2.4. Preparation of A. rhizogenes Inoculation Solution

Single colonies of A. rhizogenes strains K599, MSU440, and C58C1 harboring the pCAMBIA1305-GFP plasmid were inoculated into 1 mL of TY medium. K599 and MSU440 cultures contained 50 mg∙L−1 kanamycin sulfate and 50 mg∙L−1 streptomycin, while C58C1 also contained 50 mg∙L−1 rifampicin. After incubation at 28 °C for 12–16 h, the cultures were expanded at a 1:100 ratio until the OD600 reached 0.4–1.2 [21]. The bacterial cells were harvested by centrifugation at 6000 r∙min−1 for 10 min and then resuspended in an equal volume of Both MES solution (10 mmol∙L−1 MES-KOH, pH 5.6, 10 mmol∙L−1 MgCl2, 200 μmol∙L−1 acetosyringone) and MS liquid medium (4.5 g/L MS, pH 5.6). The infection solution, prepared without resuspension, could be directly used for subsequent experiments. All prepared solutions were stored for further use.

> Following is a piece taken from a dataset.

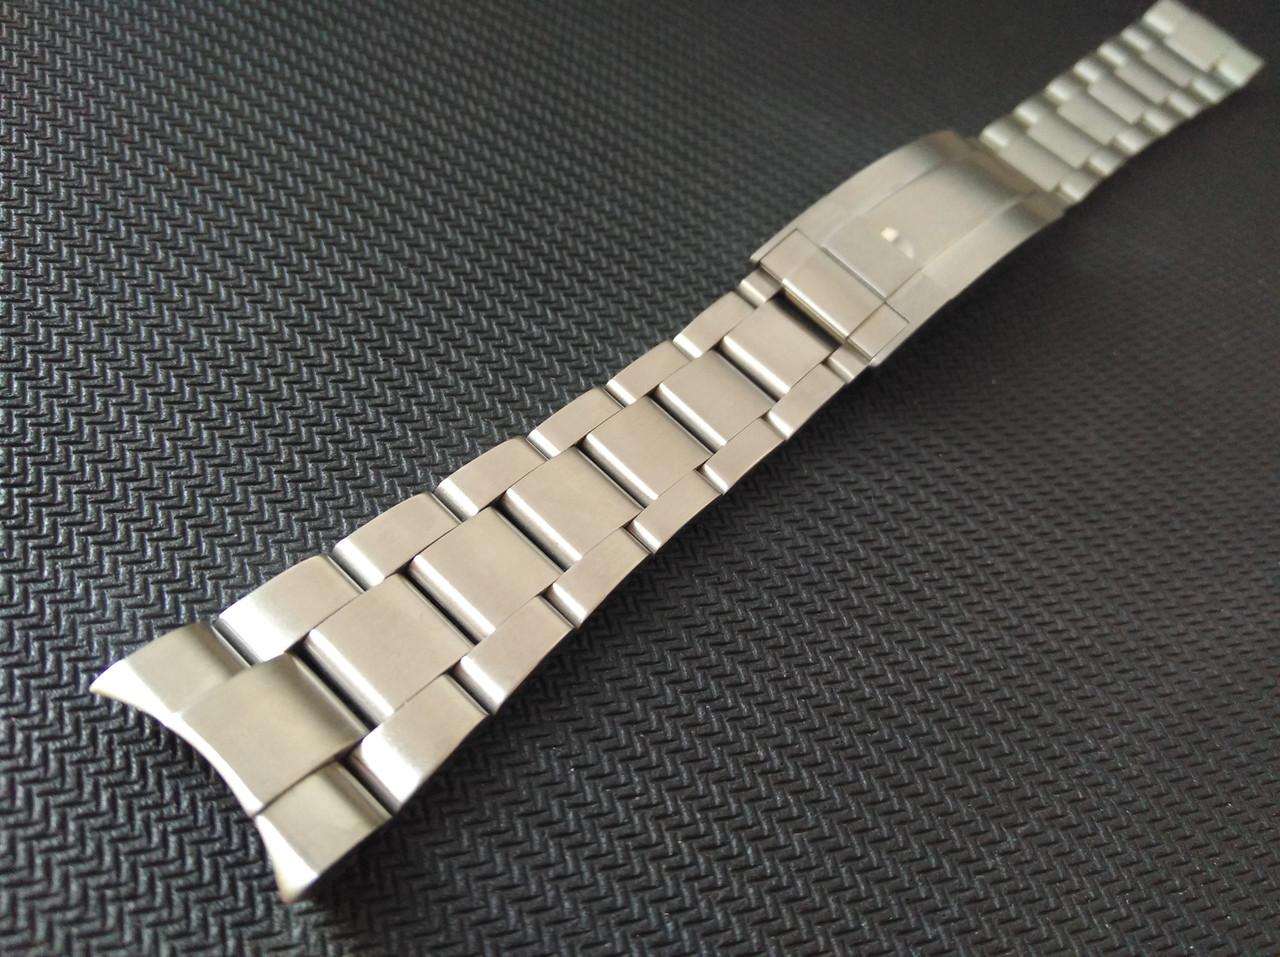 Браслет для часов из нержавеющей стали 316L, литой, мат. Заокругленное окончание. 20 мм

2.5. Establishment of Transformation System and Hairy Root Induction

Cuttings of ‘Xiangnong Xiangyun’ and ‘Hei Zhenzhu’ were submerged in A. rhizogenes inoculation solutions (OD600 = 0.8 for K599, MSU440, and C58C1) for 10 min. The cuttings were then placed in a vermiculite substrate, with 20 cuttings per group and three replicates, and maintained in a greenhouse at 28 °C. The substrate moisture content was monitored daily and maintained at approximately 80%. Watering was conducted on average once every two days during the summer and once every five days in the winter, with adjustments made according to specific conditions as necessary. Hairy root formation was observed after one month.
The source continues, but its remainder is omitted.